Problem statement:
Without including any images, repeat the data exactly.

Data:
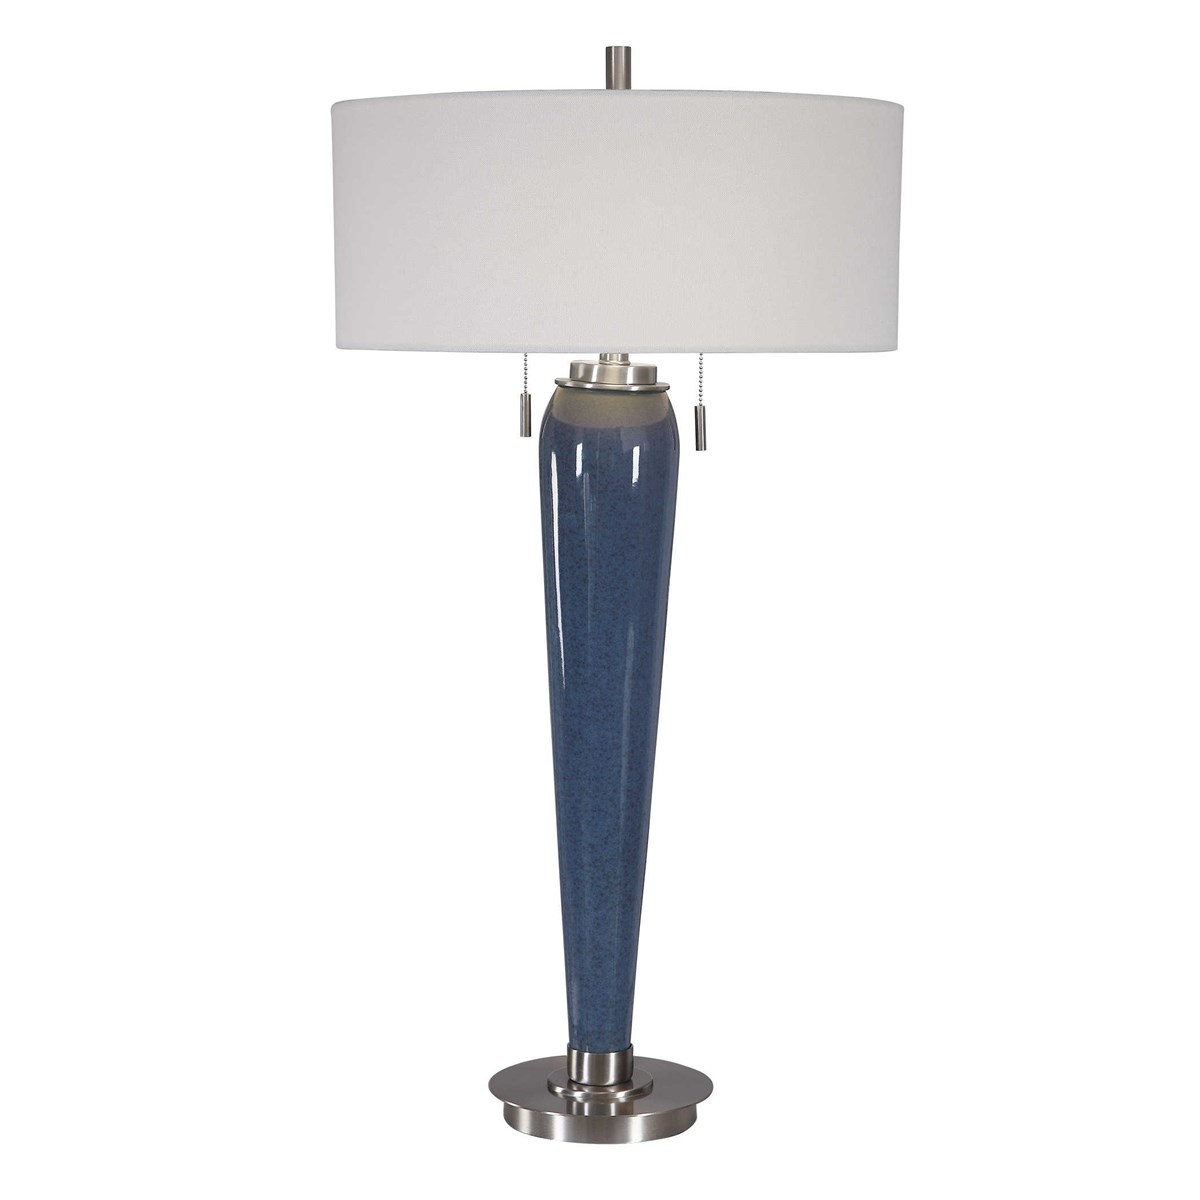 Godfrey Table Lamp
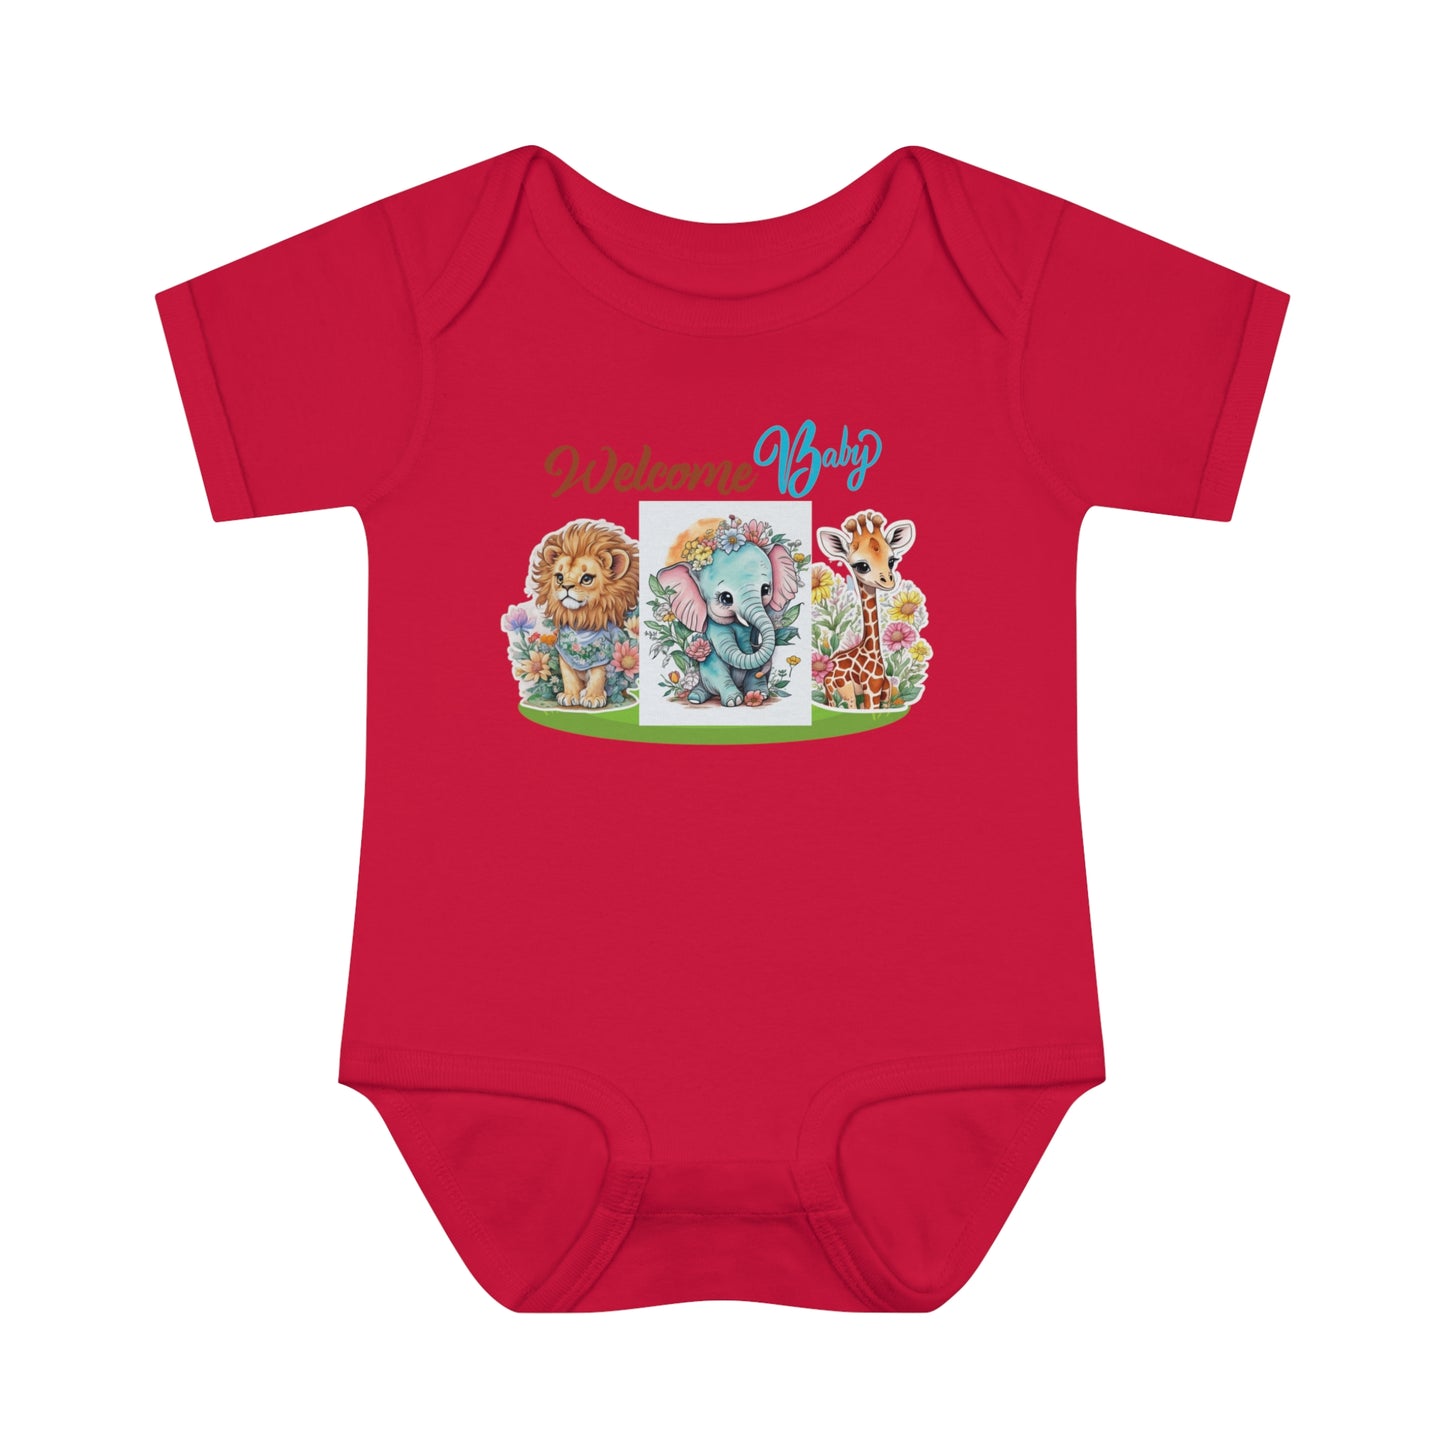 Infant Baby Rib Bodysuit - Welcome Baby - 06
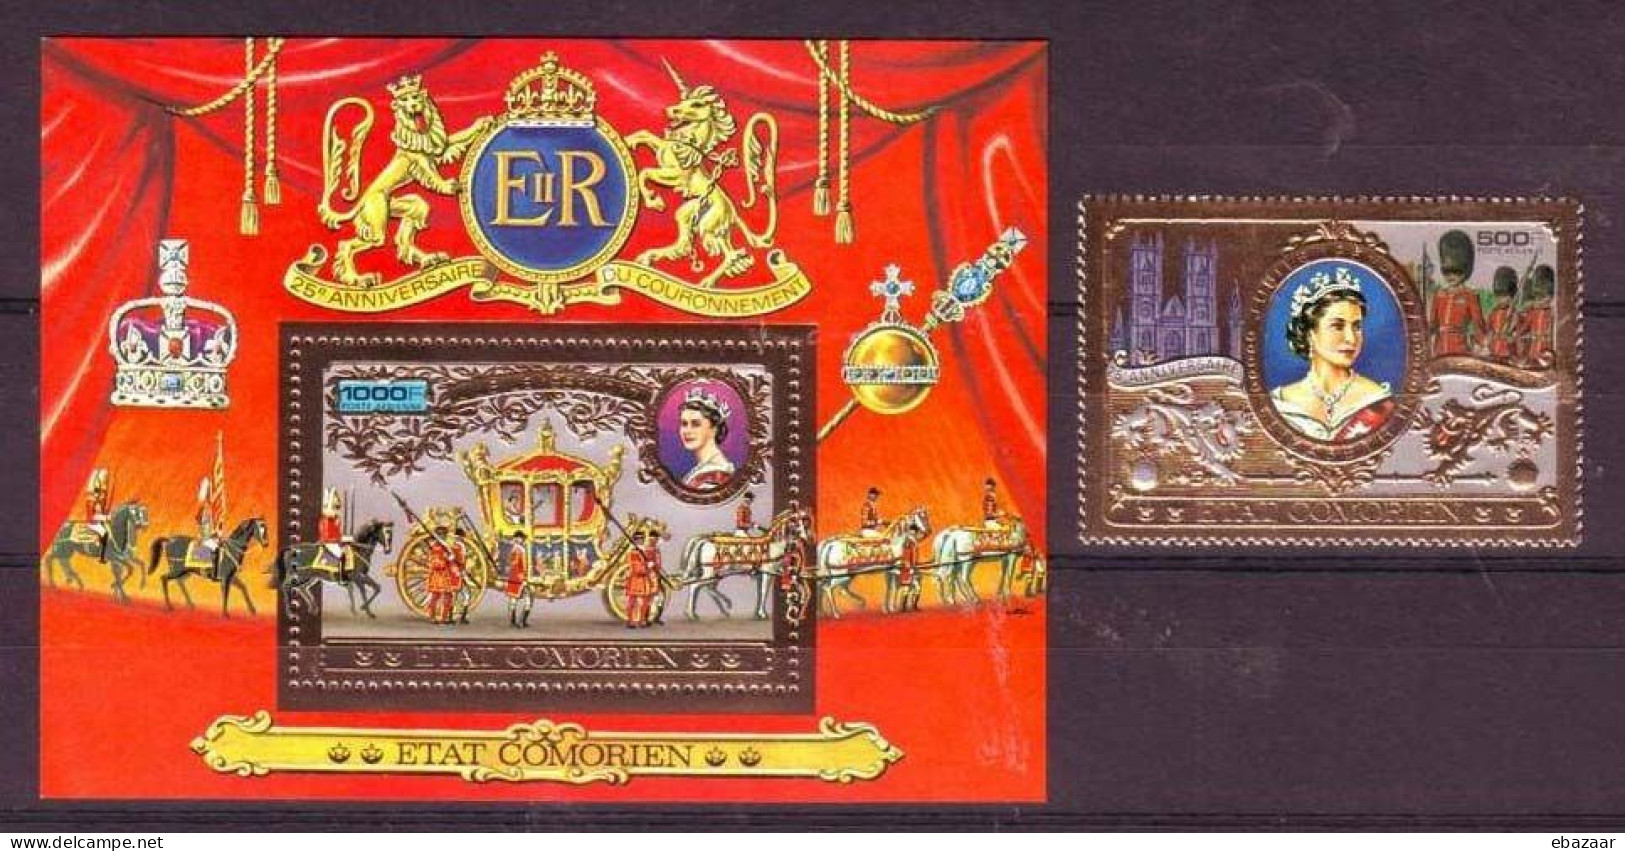 Comoros 1977 Royalty, Kings & Queens Of England, Queen Elizabeth II, Silver Jubilee Stamps Sheet MNH - Comores (1975-...)
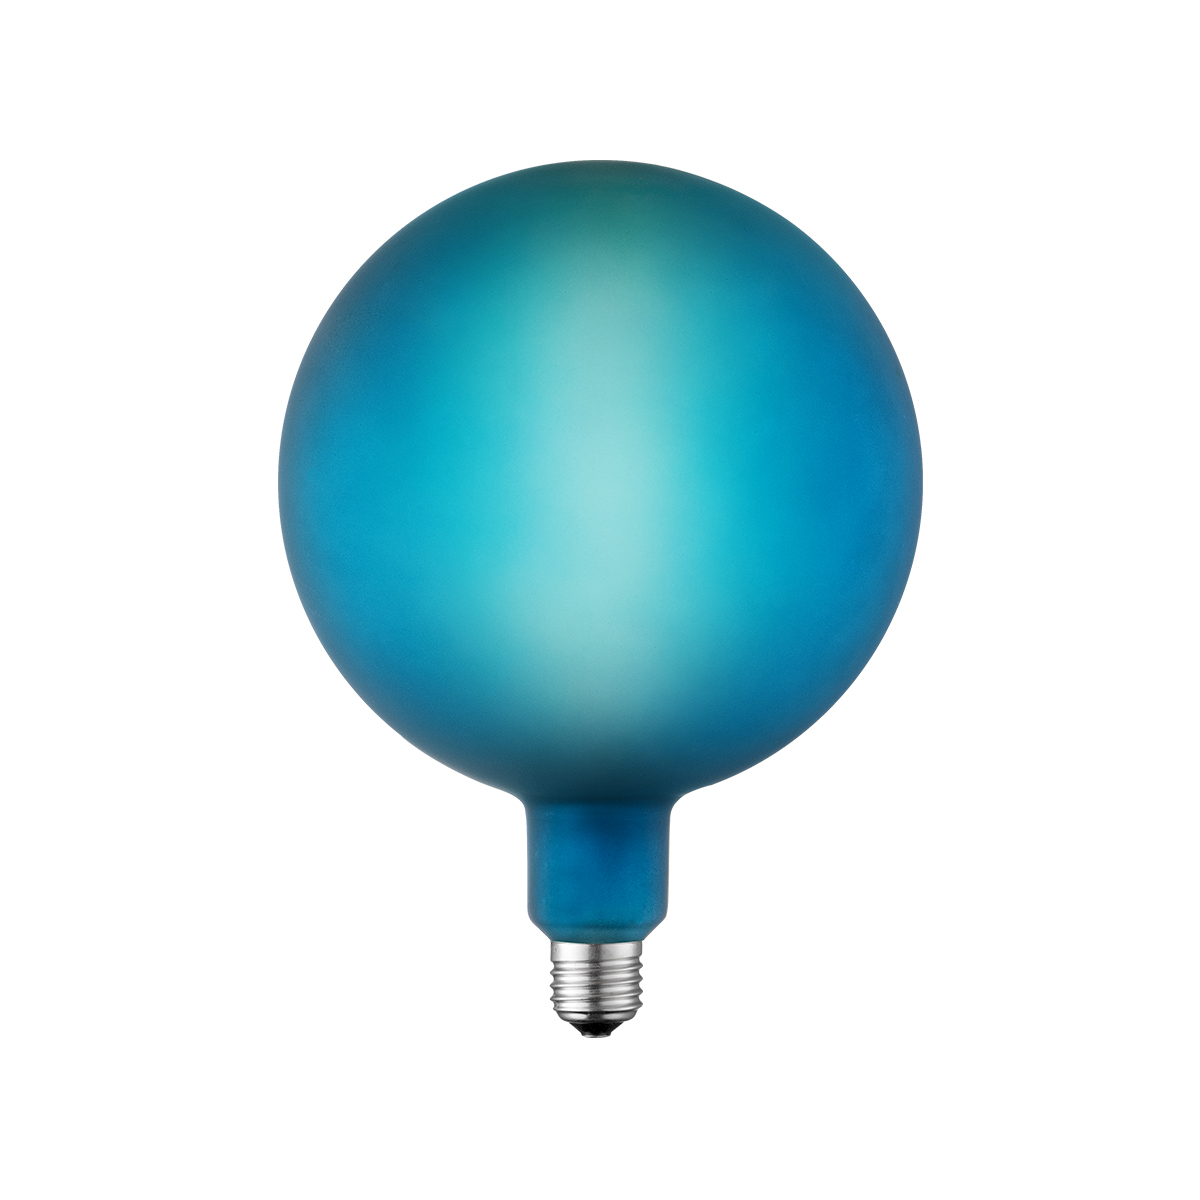 Tangla lighting - TLB-9006-04BL - LED Light Bulb Single Spiral filament - G180 4W blue opal - non dimmable - E27

Expected answer:
 Godfrey Table Lamp
 Infant Baby Rib Bodysuit - Welcome Baby - 06
 Comoros 1977 Royalty, Kings & Queens Of England, Queen Elizabeth II, Silver Jubilee Stamps Sheet MNH - Comores (1975-...)
 Tangla lighting - TLB-9006-04BL - LED Light Bulb Single Spiral filament - G180 4W blue opal - non dimmable - E27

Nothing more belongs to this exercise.